RECORDS SHOWN >>
------------------------------------
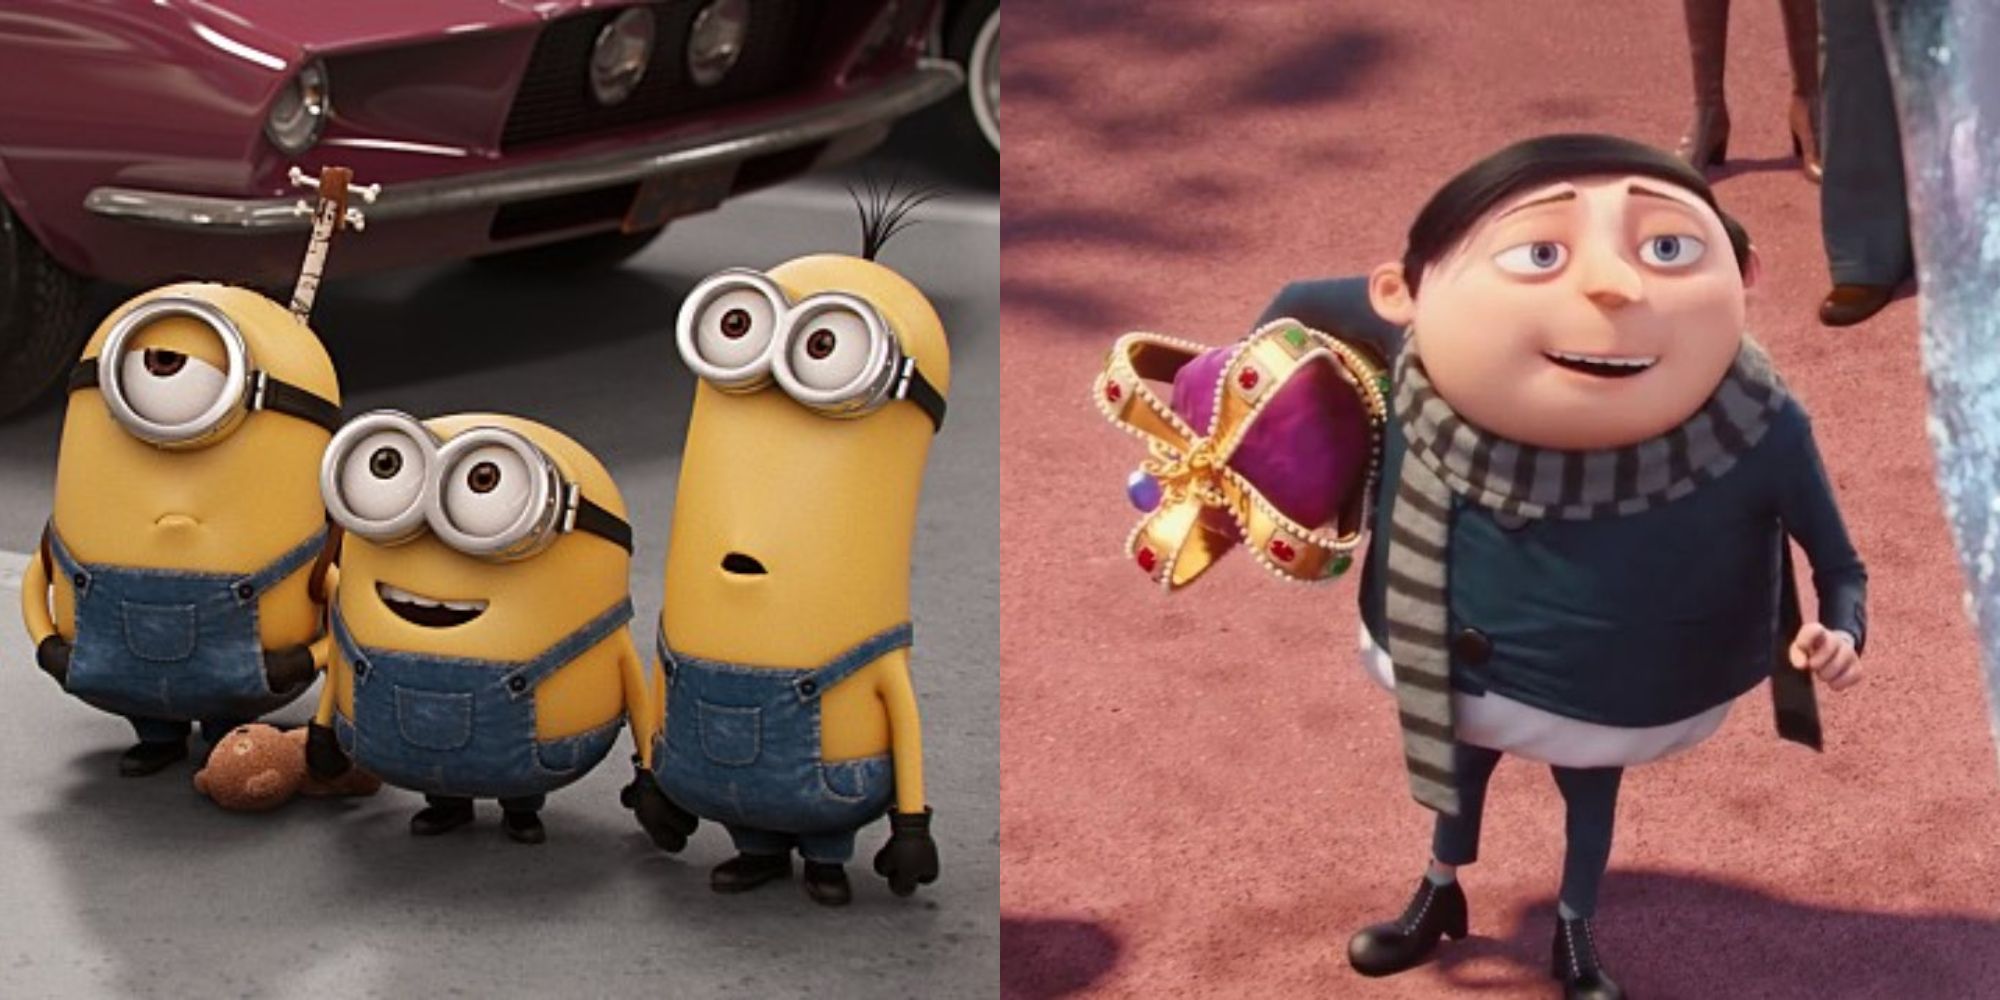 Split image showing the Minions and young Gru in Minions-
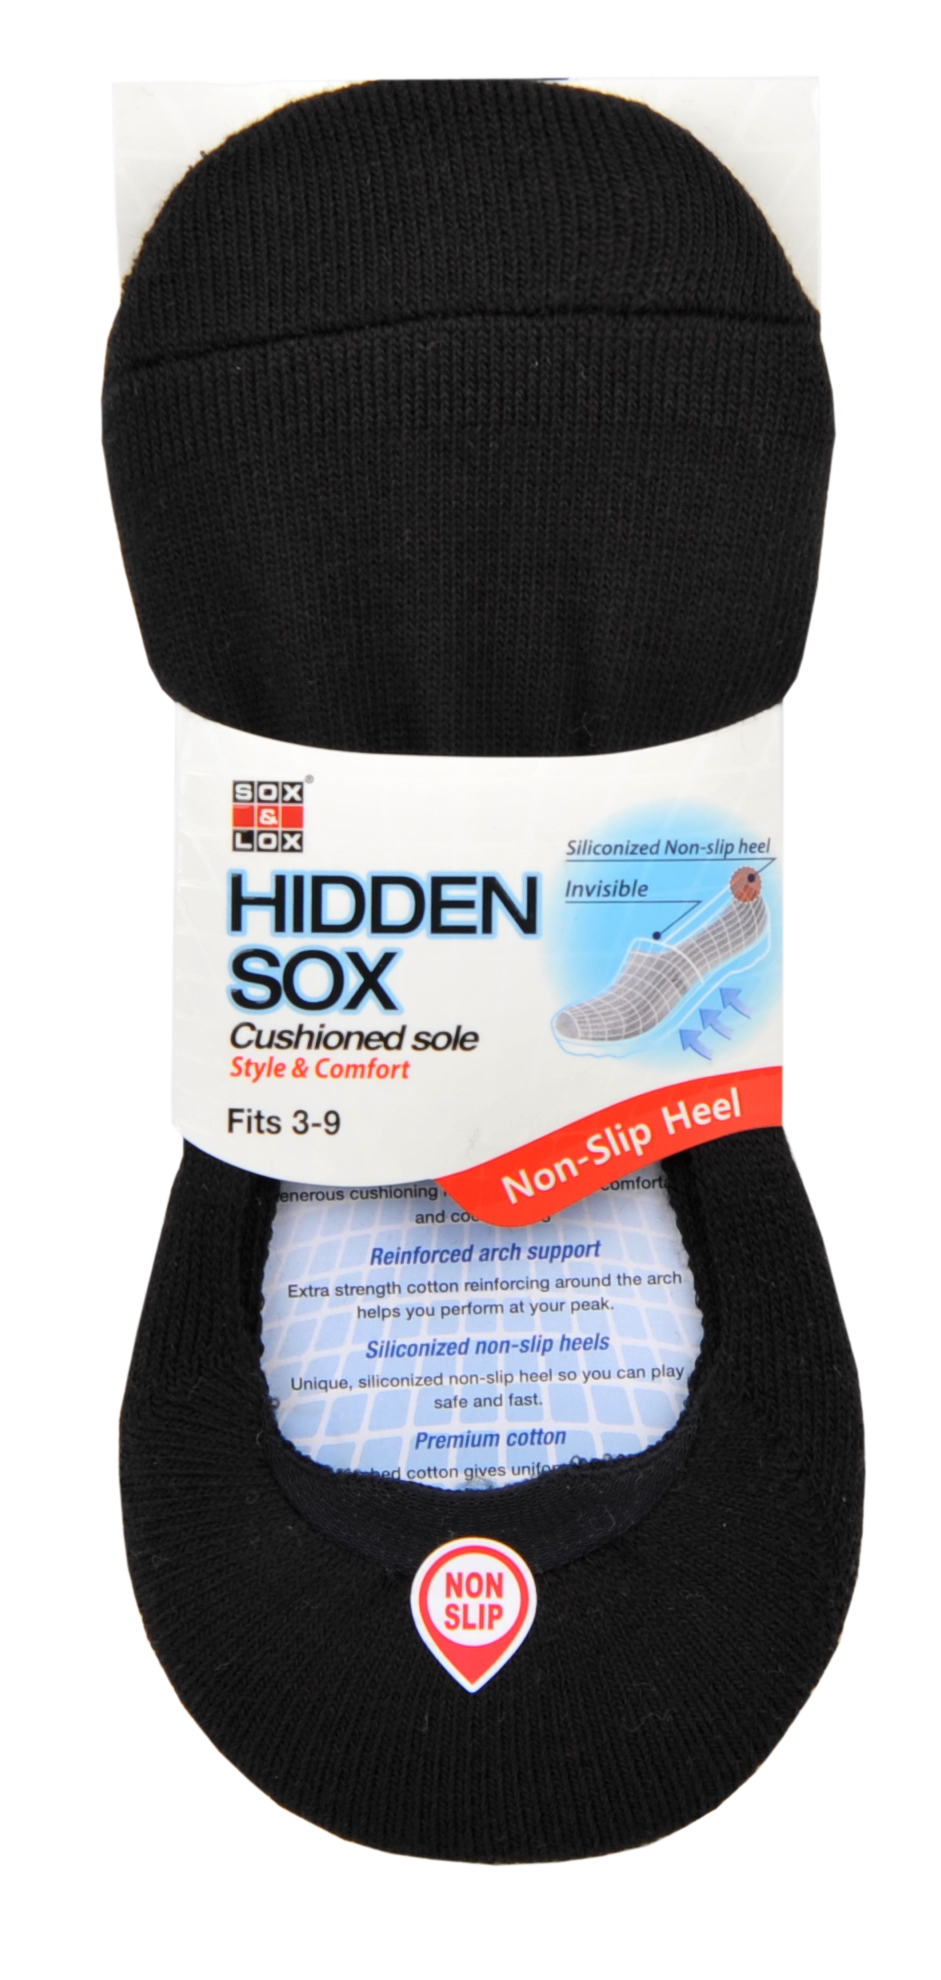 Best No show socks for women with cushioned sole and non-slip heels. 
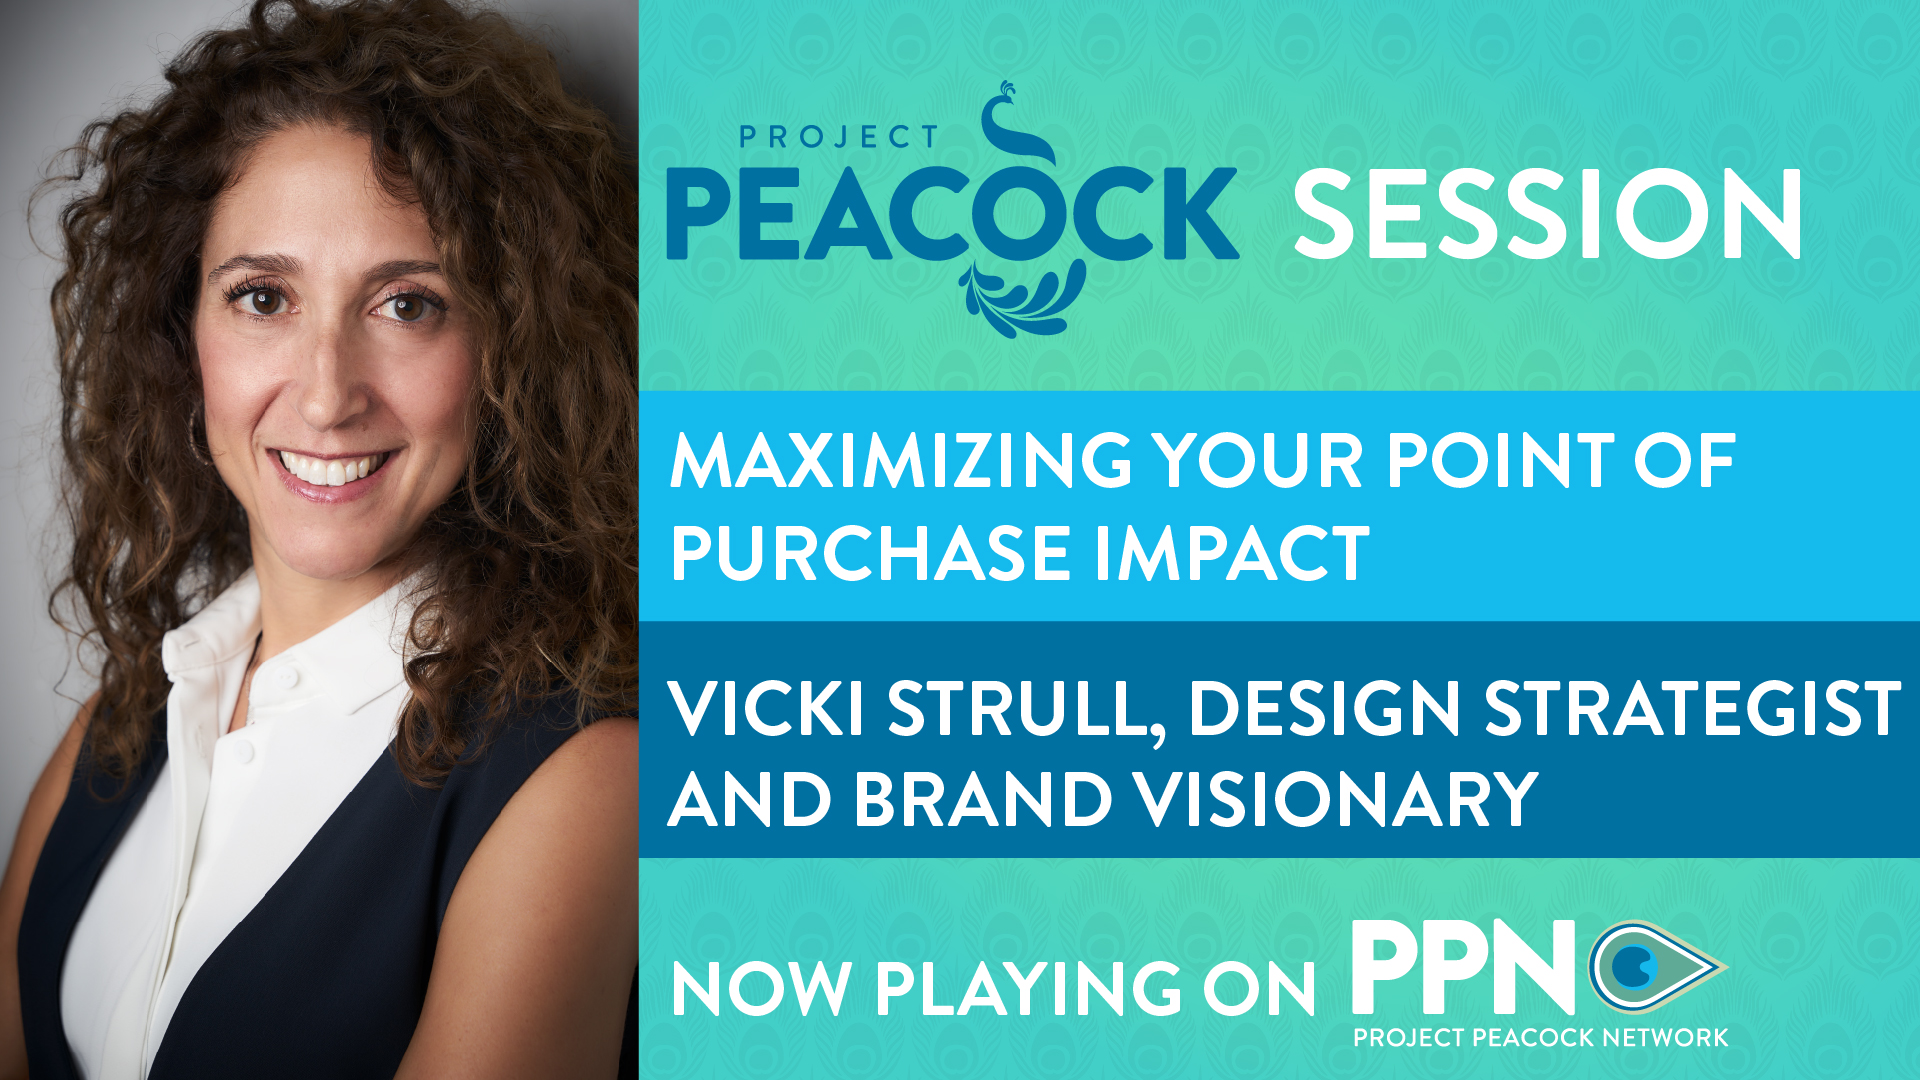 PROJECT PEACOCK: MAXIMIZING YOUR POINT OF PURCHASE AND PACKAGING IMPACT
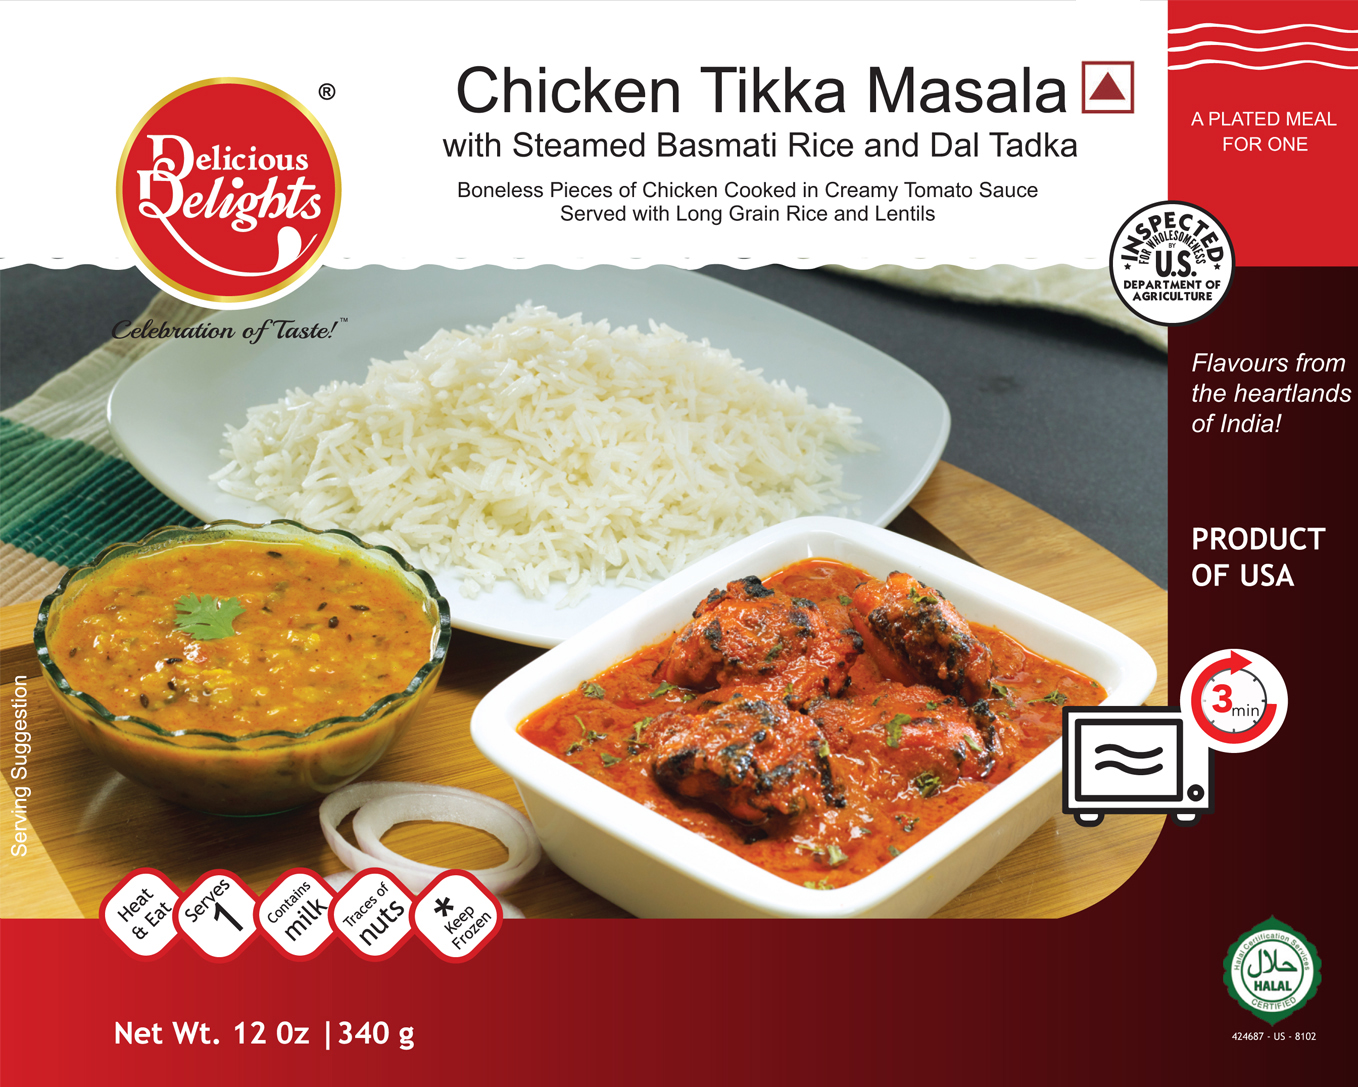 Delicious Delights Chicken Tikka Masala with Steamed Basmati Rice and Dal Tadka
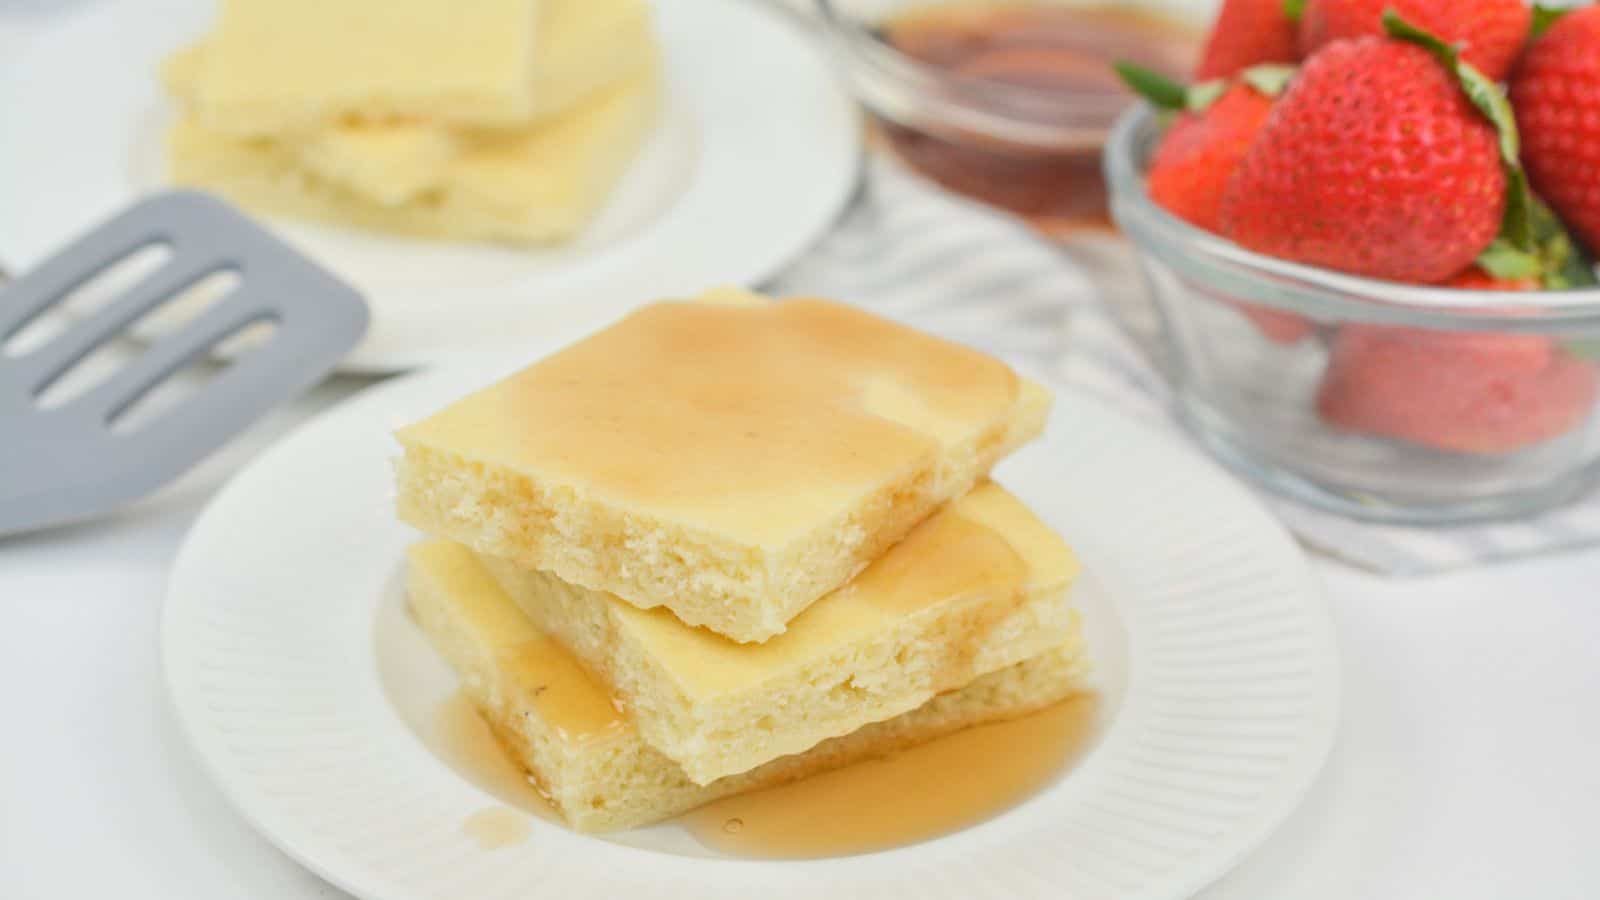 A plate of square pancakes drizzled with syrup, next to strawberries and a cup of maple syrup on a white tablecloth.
------------------------------------
EXERCISE BRIEF >>
What is needed is the data above, retyped exactly, with every picture left out.

REPLY TO THE TASK >>
 Split image showing the Minions and young Gru in Minions-
 Best No show socks for women with cushioned sole and non-slip heels. 
 PROJECT PEACOCK: MAXIMIZING YOUR POINT OF PURCHASE AND PACKAGING IMPACT
 Delicious Delights Chicken Tikka Masala with Steamed Basmati Rice and Dal Tadka
 A plate of square pancakes drizzled with syrup, next to strawberries and a cup of maple syrup on a white tablecloth.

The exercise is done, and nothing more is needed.